Exercise: Below is a listing with pictures. Repeat exactly the lines starting at the one holding "POP Pankki Pohjanmaan Alahärmän konttori." and going on through the one holding "Bruxelbourg Central - Un", and leave every picture out.
--- Records for processing Enclosed Below ---
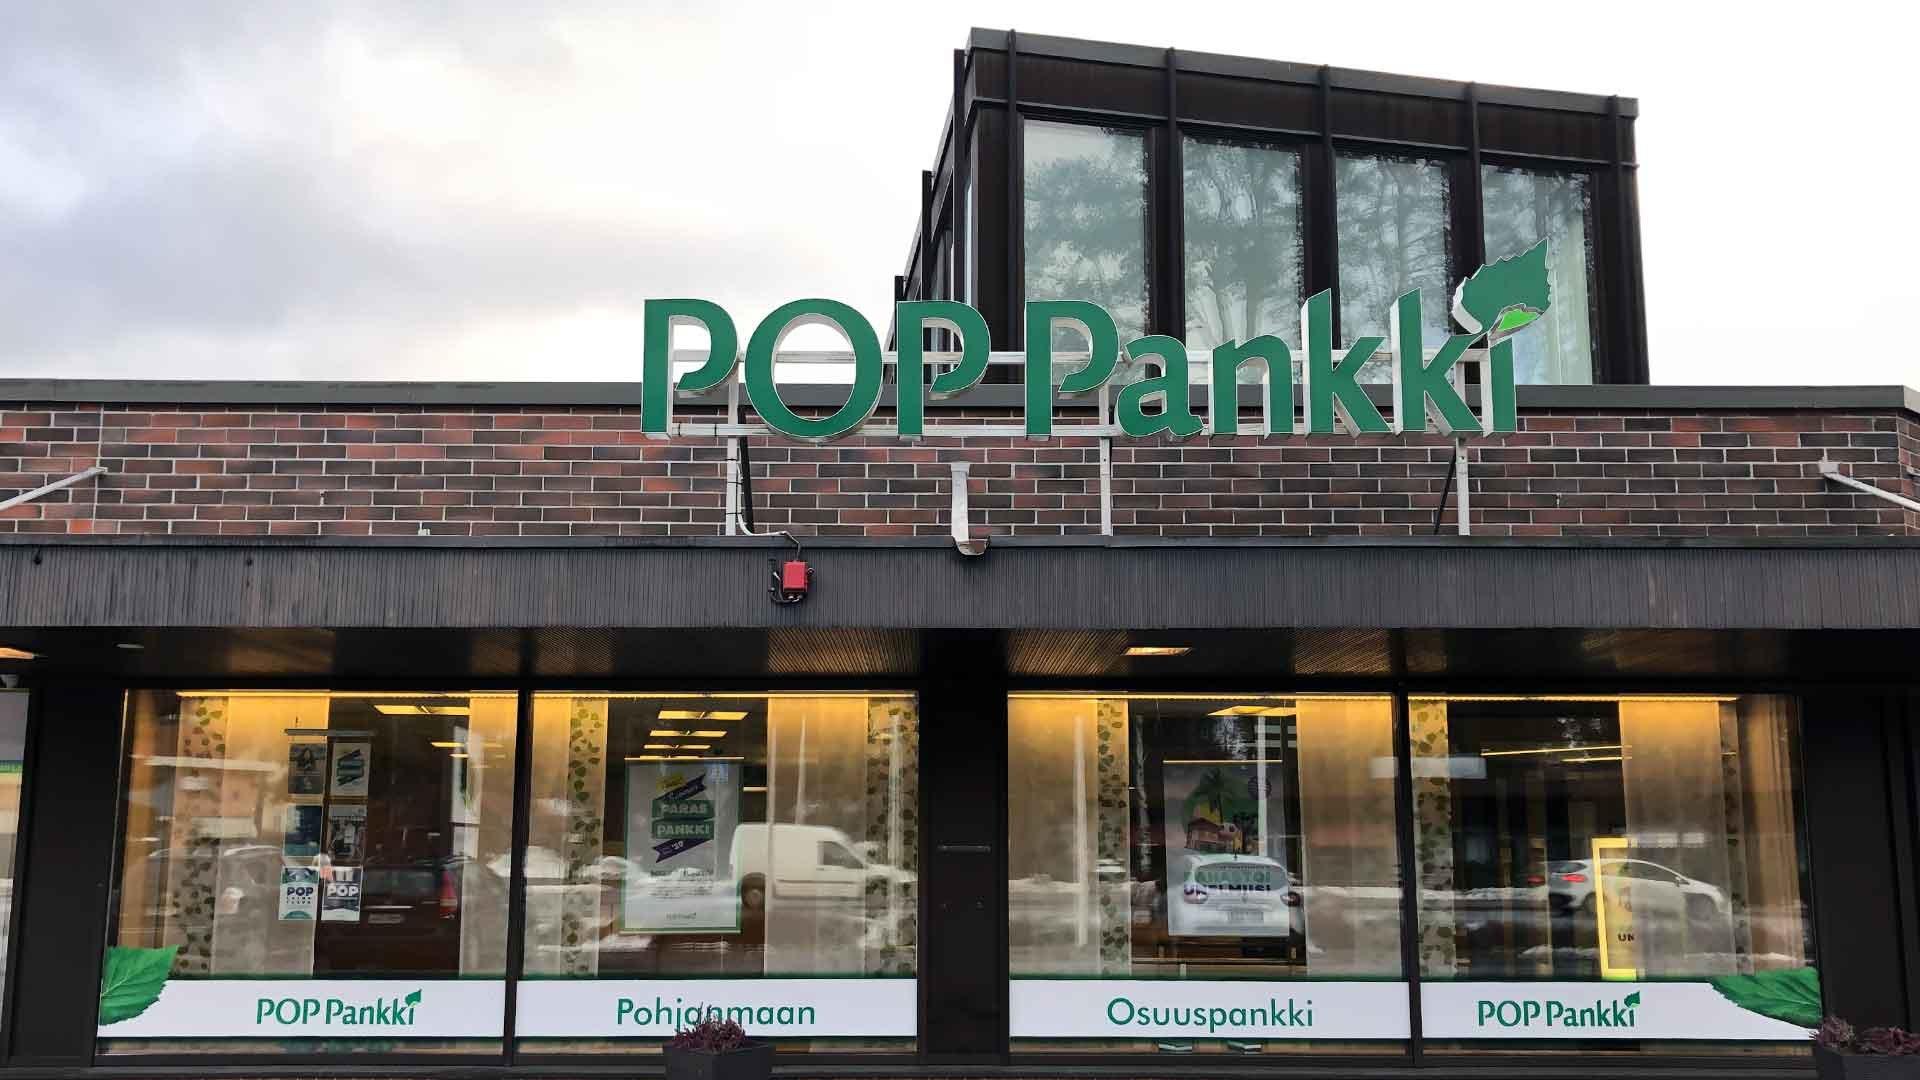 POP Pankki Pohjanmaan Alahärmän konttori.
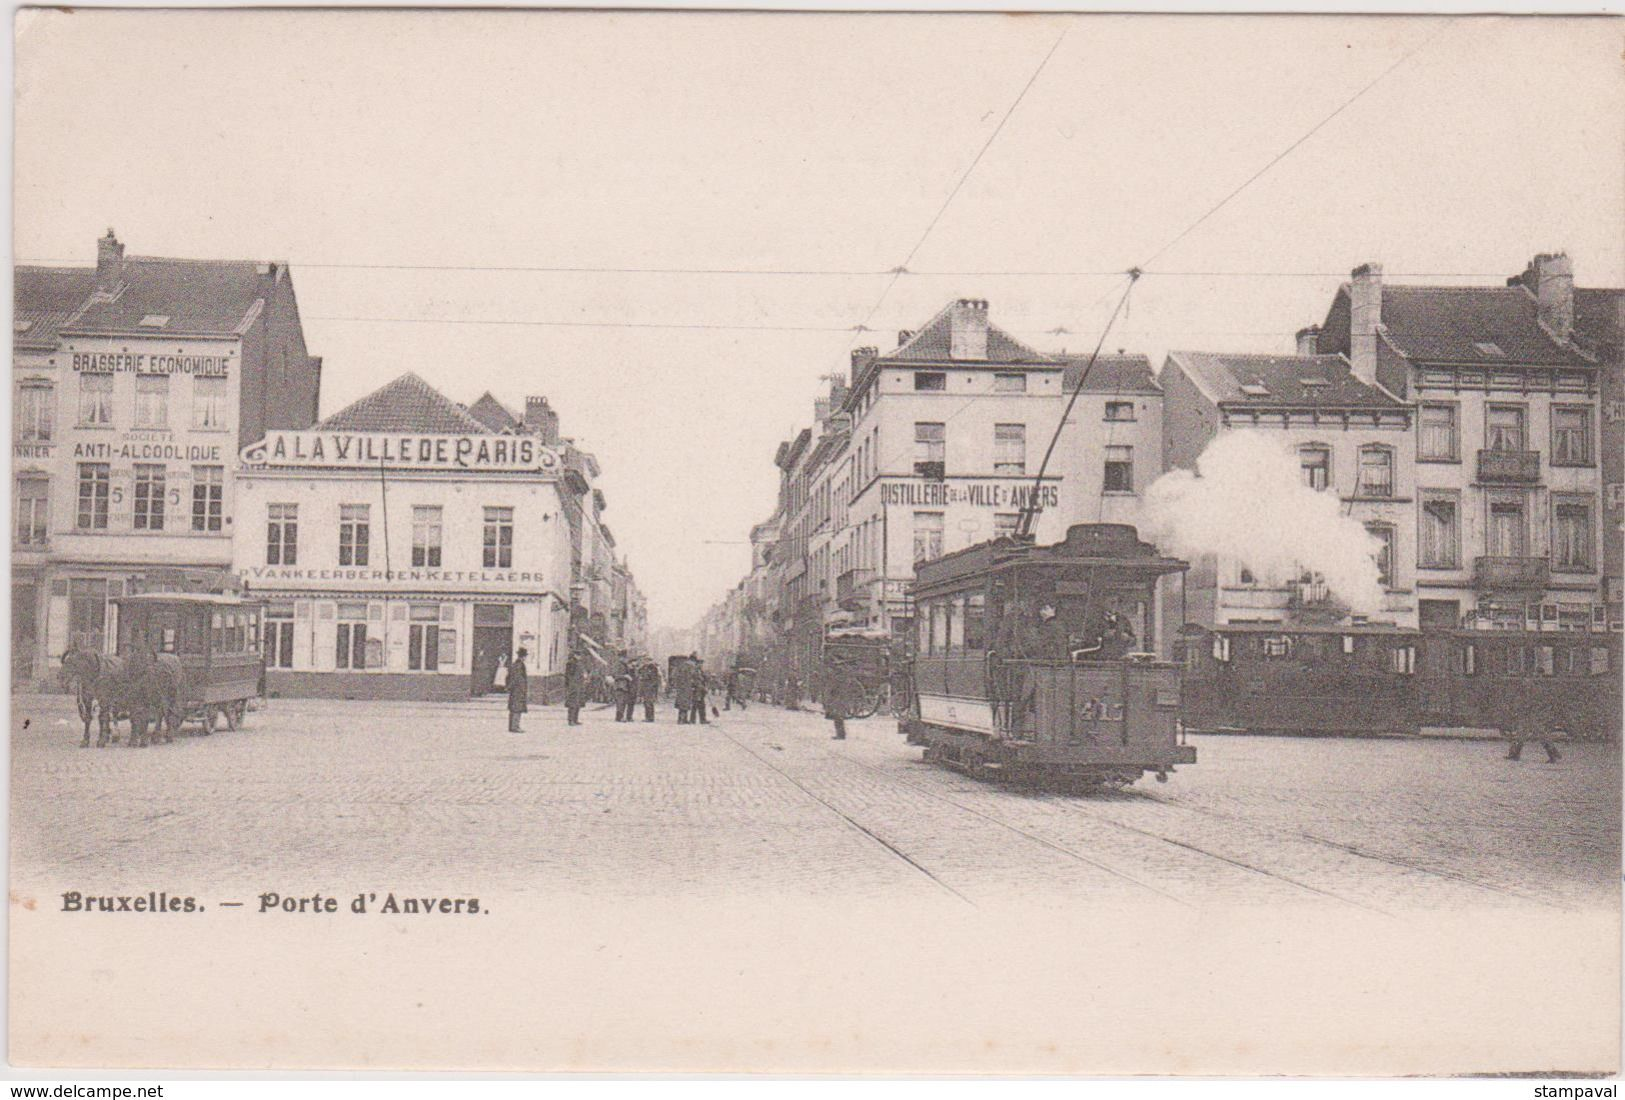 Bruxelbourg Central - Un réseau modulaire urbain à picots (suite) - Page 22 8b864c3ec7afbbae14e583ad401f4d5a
--- End of Enclosed Records for processing ---
--- Records for processing Enclosed Below ---
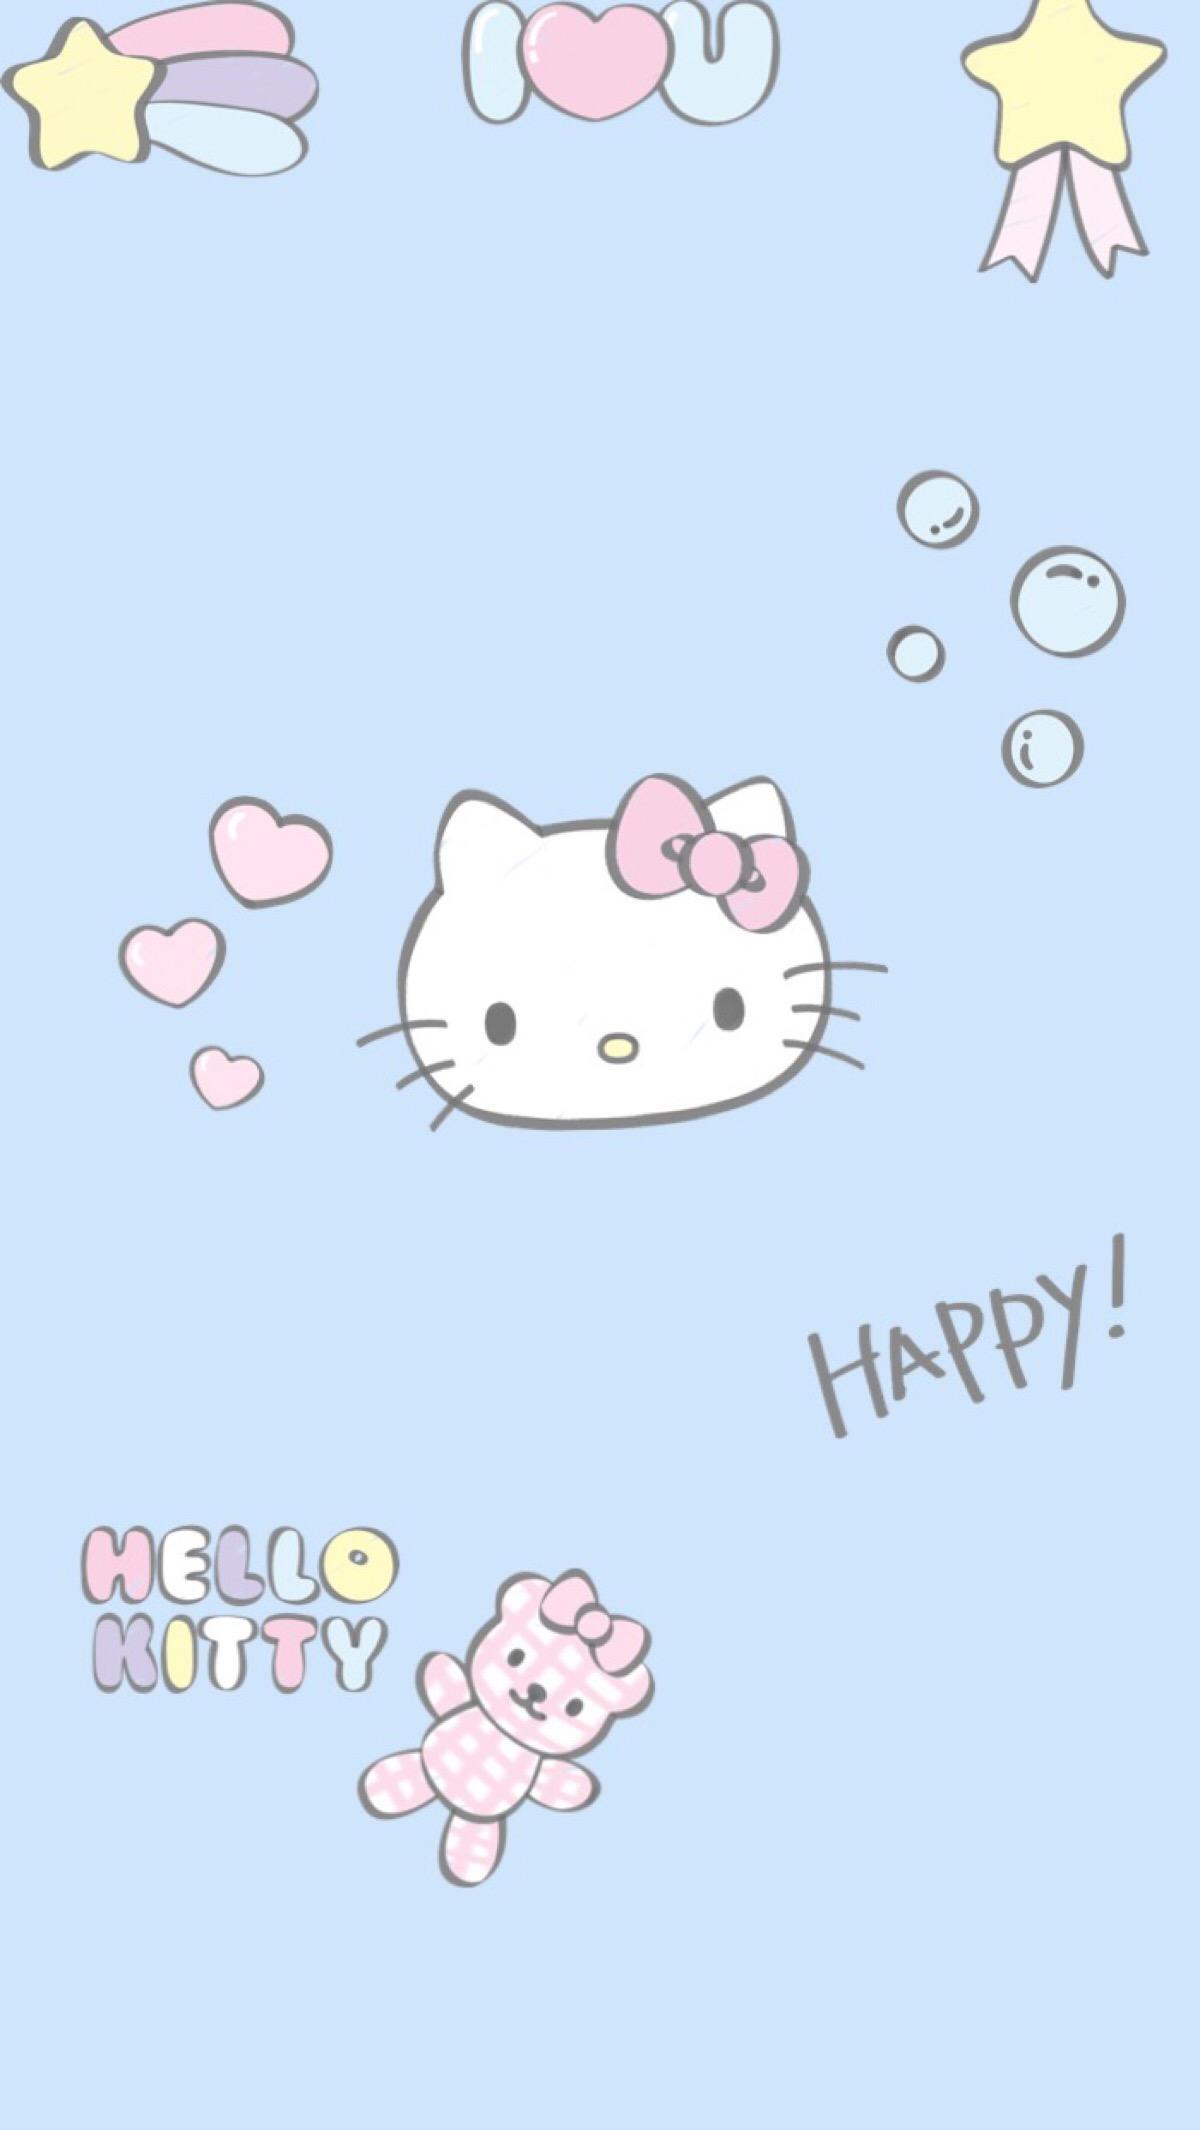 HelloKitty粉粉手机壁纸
--- End of Enclosed Records for processing ---
--- Records for processing Enclosed Below ---
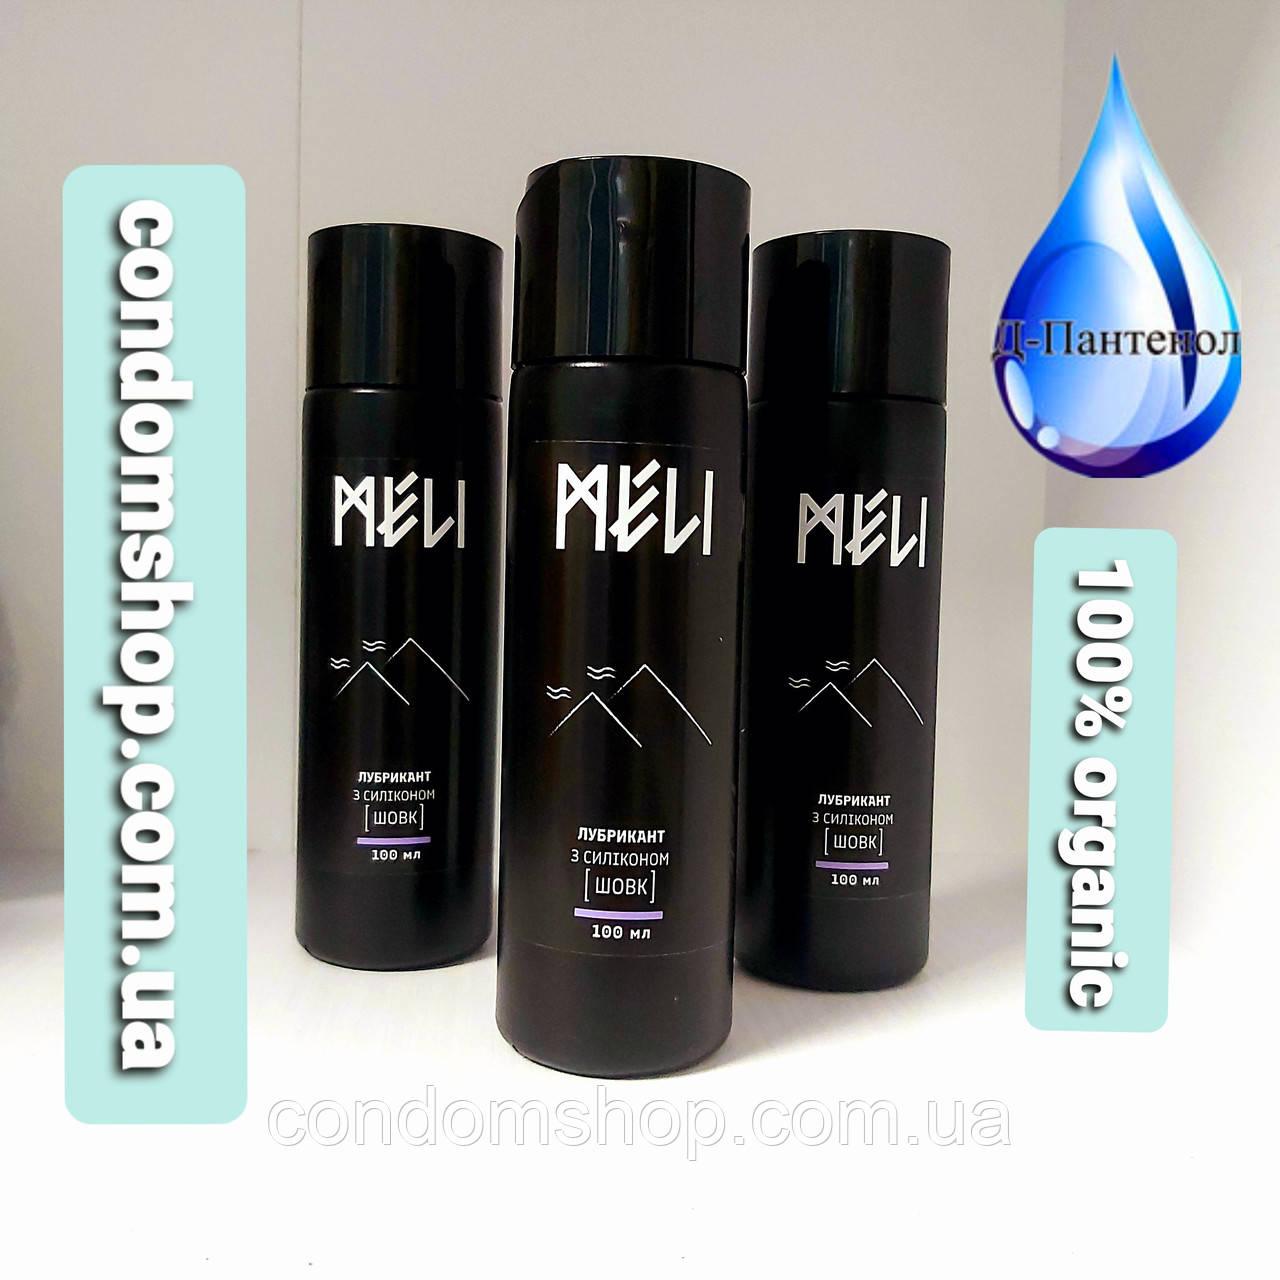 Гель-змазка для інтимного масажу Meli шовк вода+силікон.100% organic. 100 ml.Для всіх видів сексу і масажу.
--- End of Enclosed Records for processing ---
Task output:
 POP Pankki Pohjanmaan Alahärmän konttori.
 Bruxelbourg Central - Un réseau modulaire urbain à picots (suite) - Page 22 8b864c3ec7afbbae14e583ad401f4d5a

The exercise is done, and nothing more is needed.